**EXERCISE**:
Where a picture appears, skip it and copy everything else in the listing exactly.

══ THE DATA

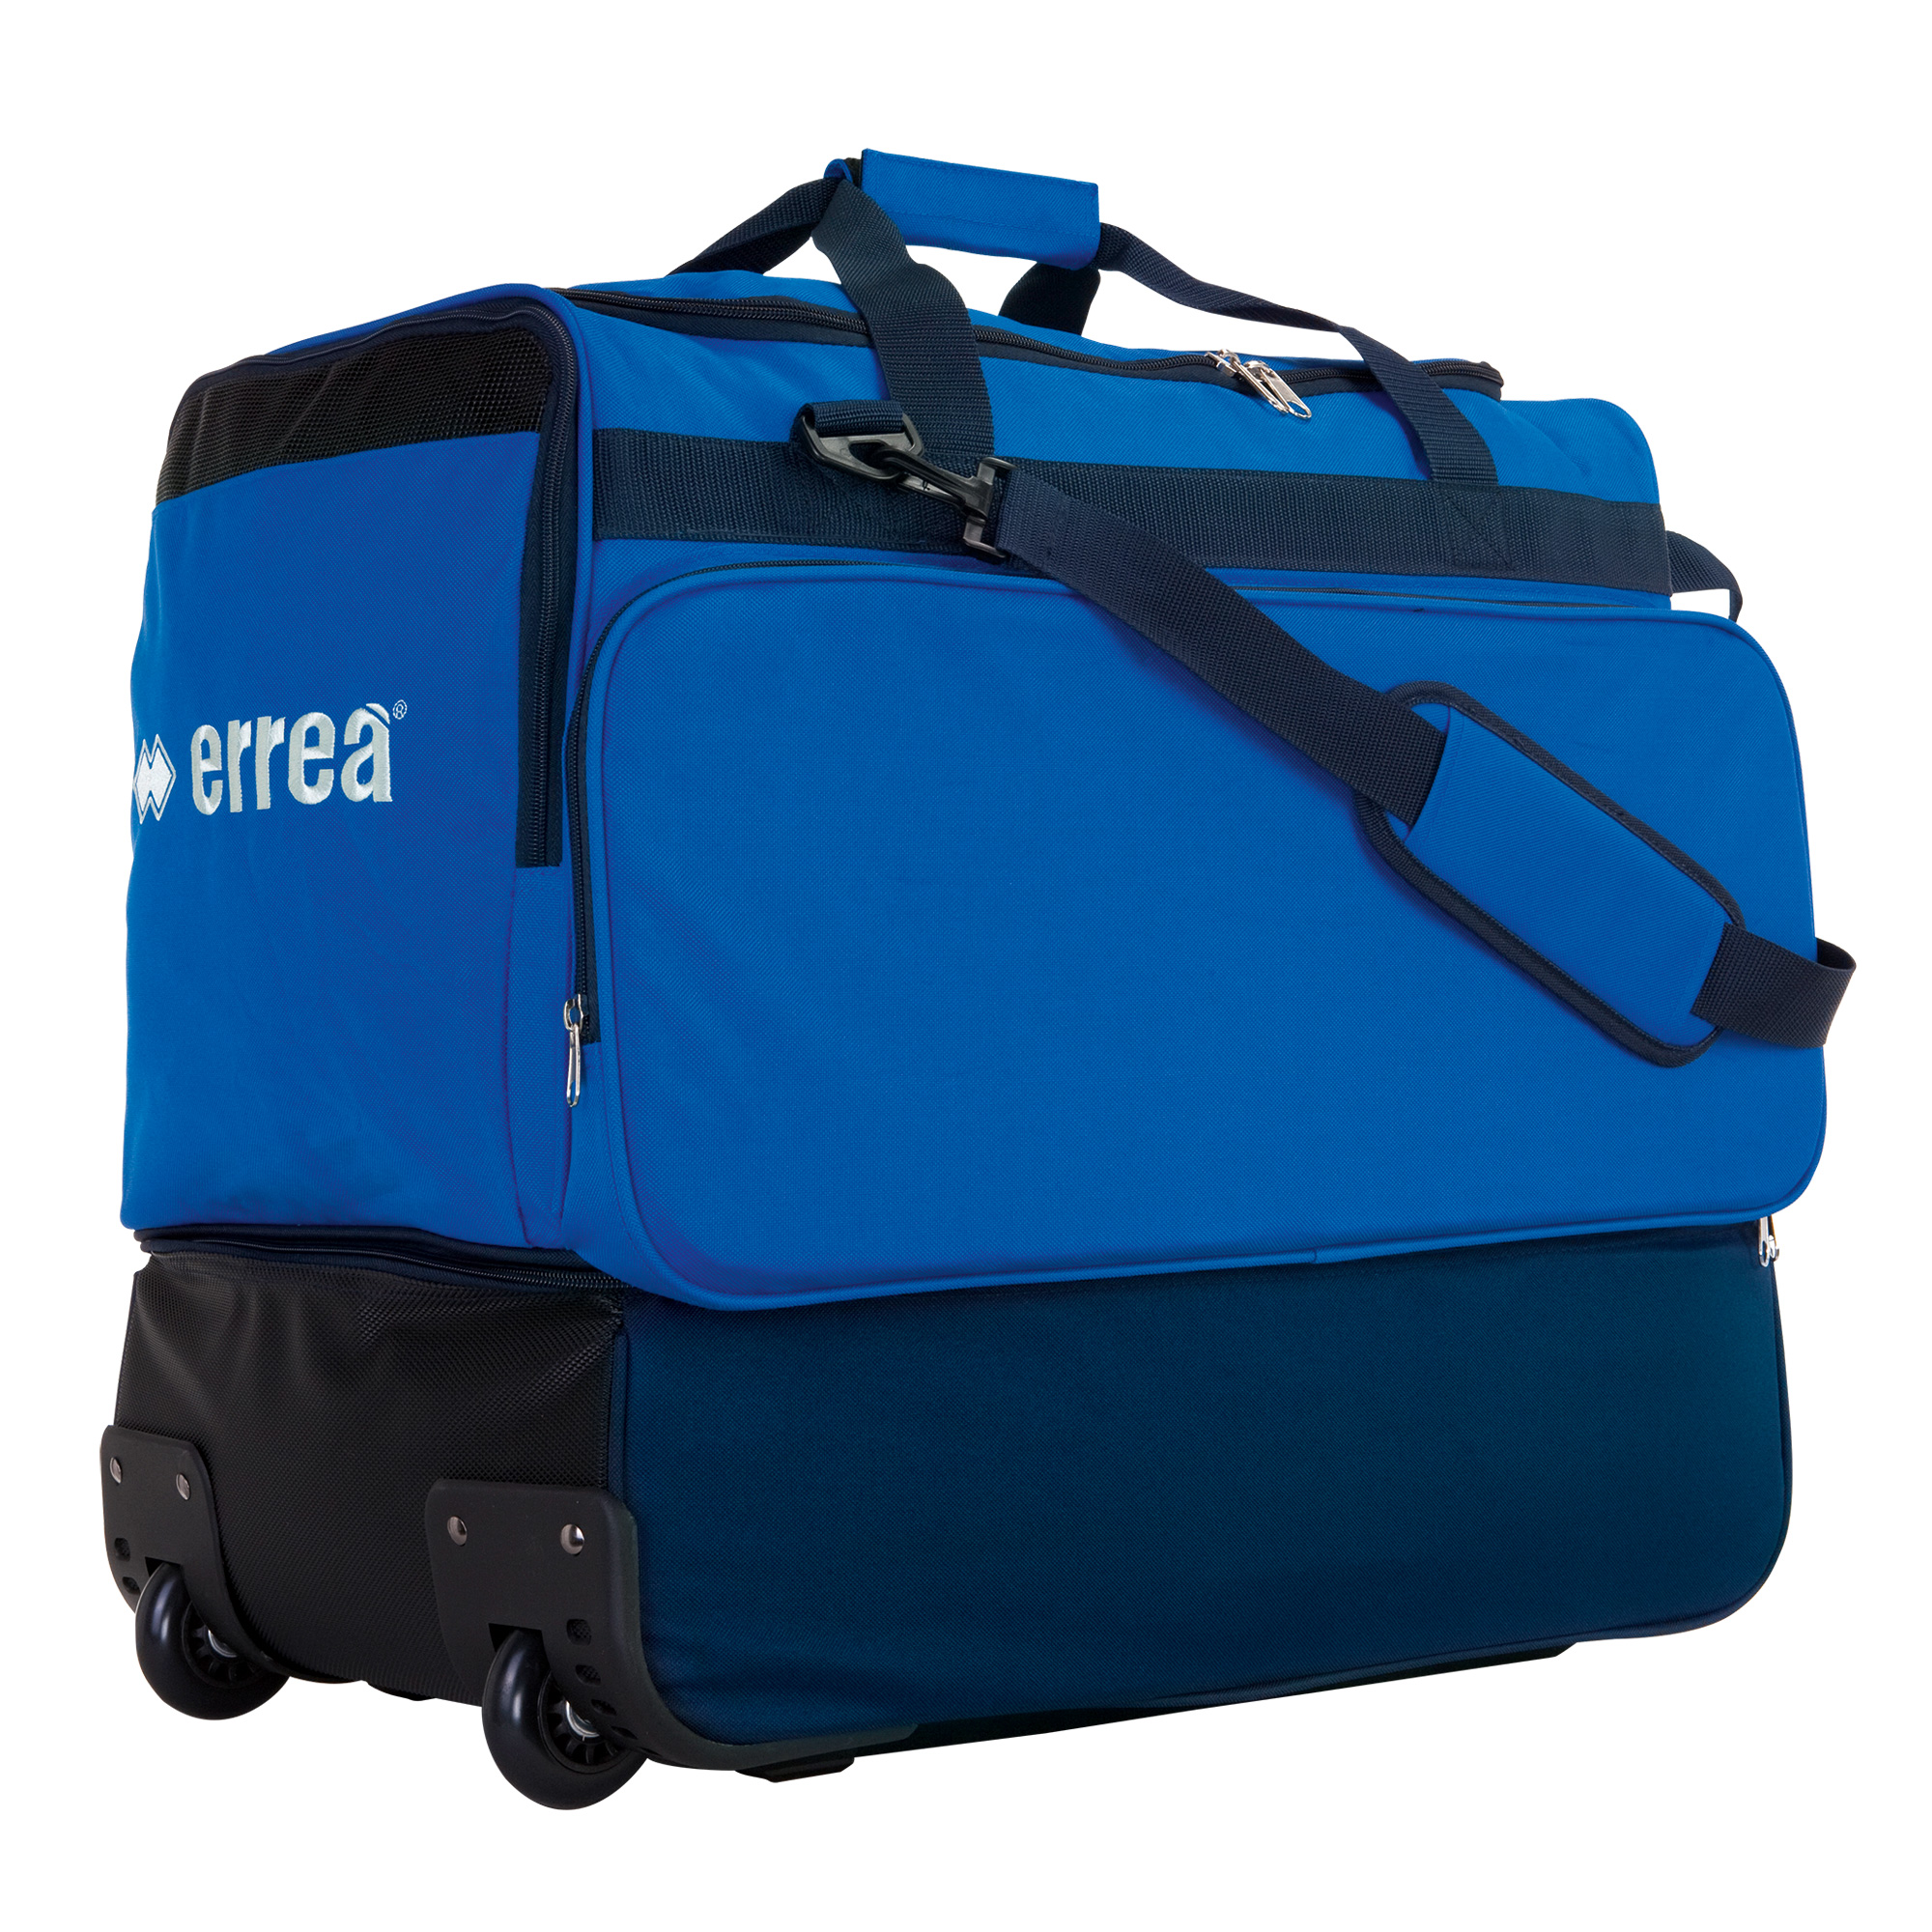 ERREA sportovní taška s dvojitým dnem a pojezdem PRO BARVA: modrá - tmavě modrá
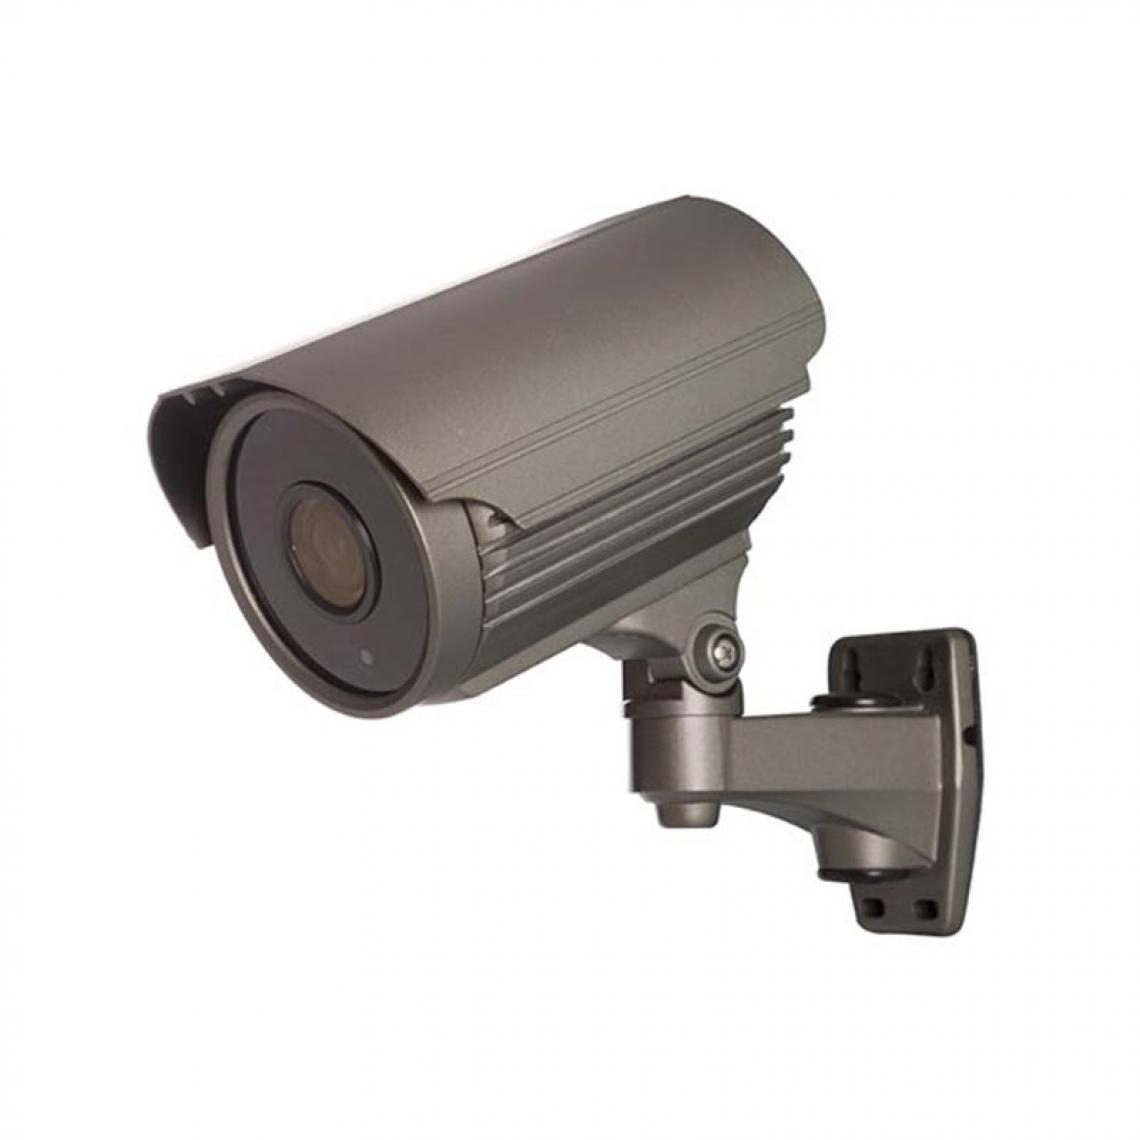 Perel - Caméra Multi Protocoles - Hd-Tvi / Cvi / Ahd / Analogique - Extérieur - Cylindrique - Varifocal - 1080P - Caméra de surveillance connectée
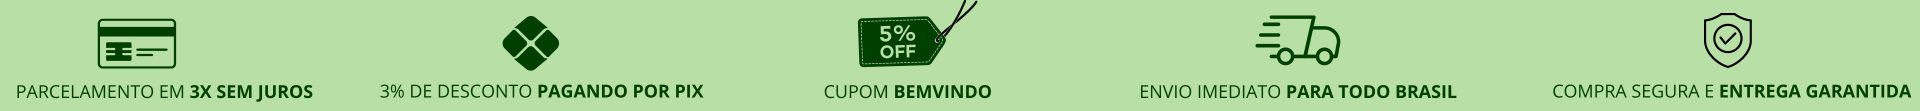 Cupom 5% Desconto - BEMVINDO
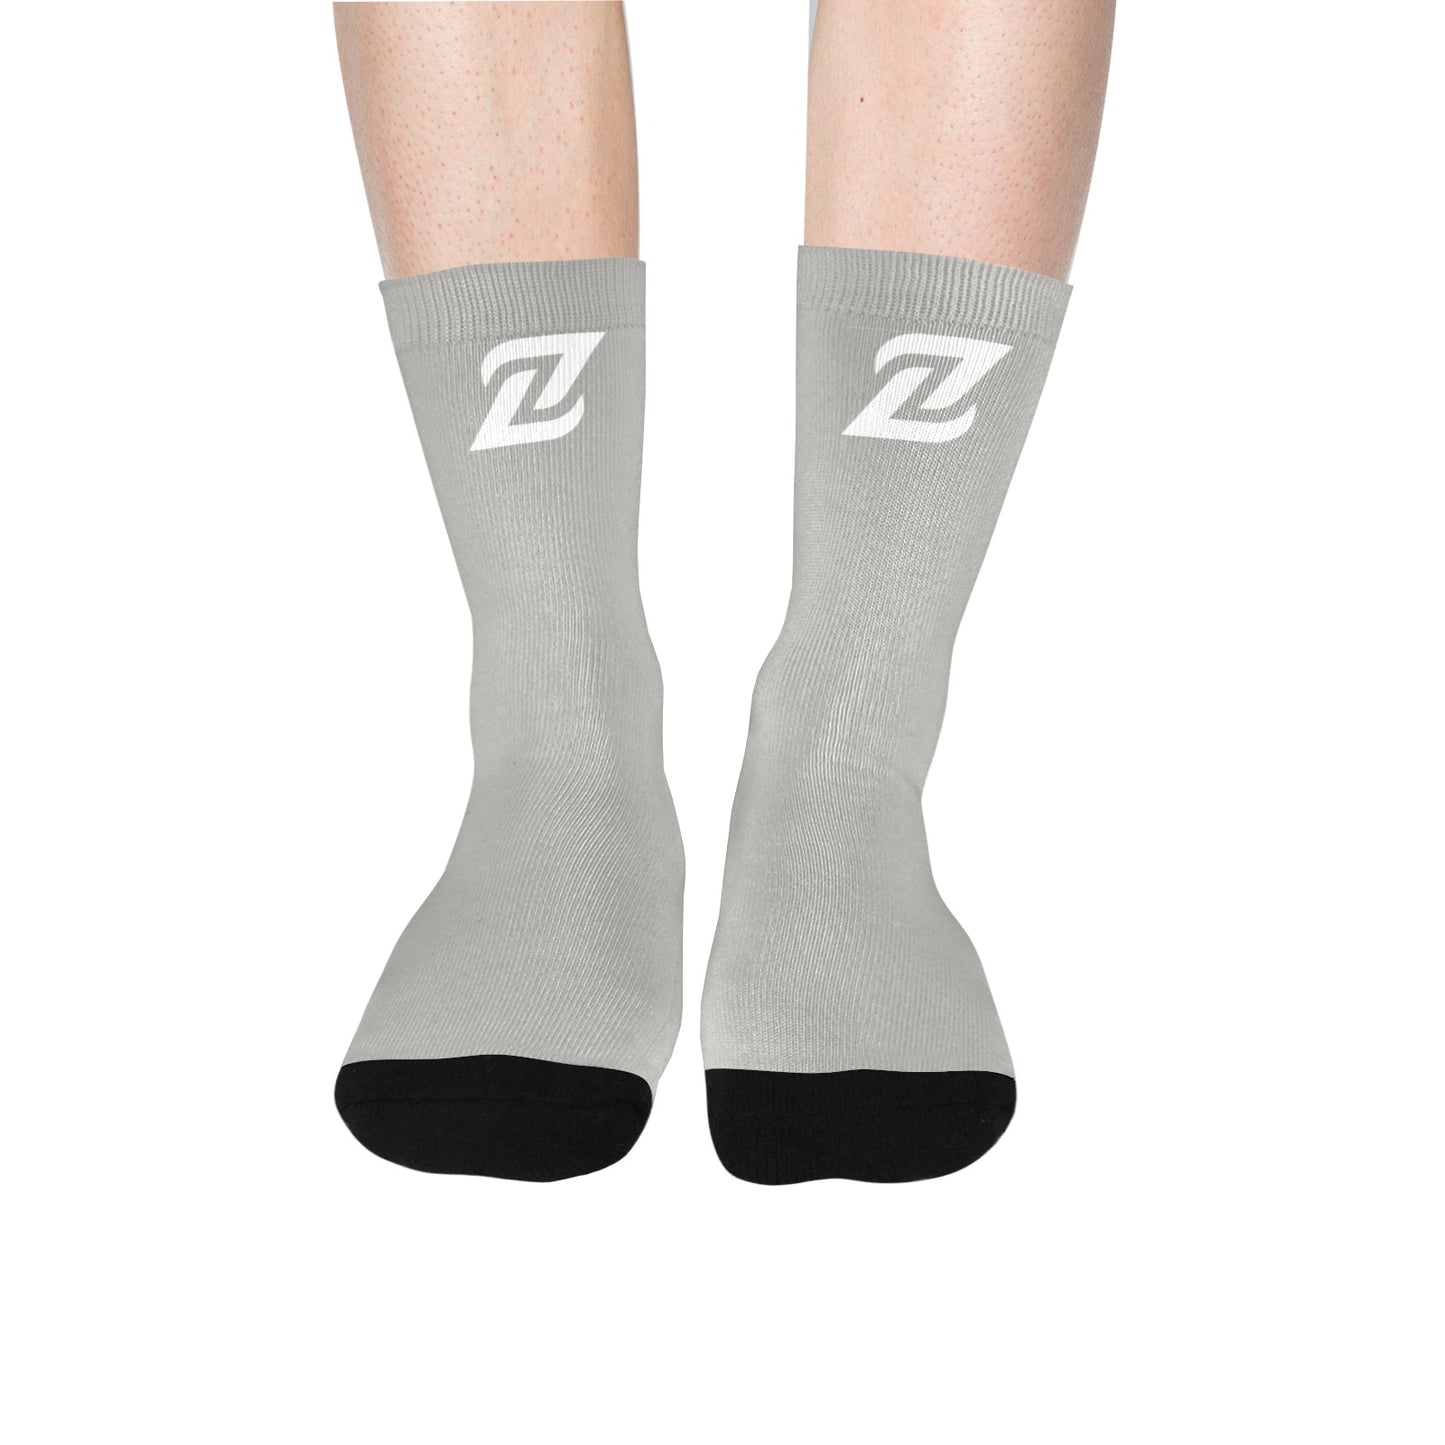 Zen Socks - Gray

════

**RESULT**:
 ERREA sportovní taška s dvojitým dnem a pojezdem PRO BARVA: modrá - tmavě modrá
 Perel - Caméra Multi Protocoles - Hd-Tvi / Cvi / Ahd / Analogique - Extérieur - Cylindrique - Varifocal - 1080P - Caméra de surveillance connectée
 Cupom 5% Desconto - BEMVINDO
 Zen Socks - Gray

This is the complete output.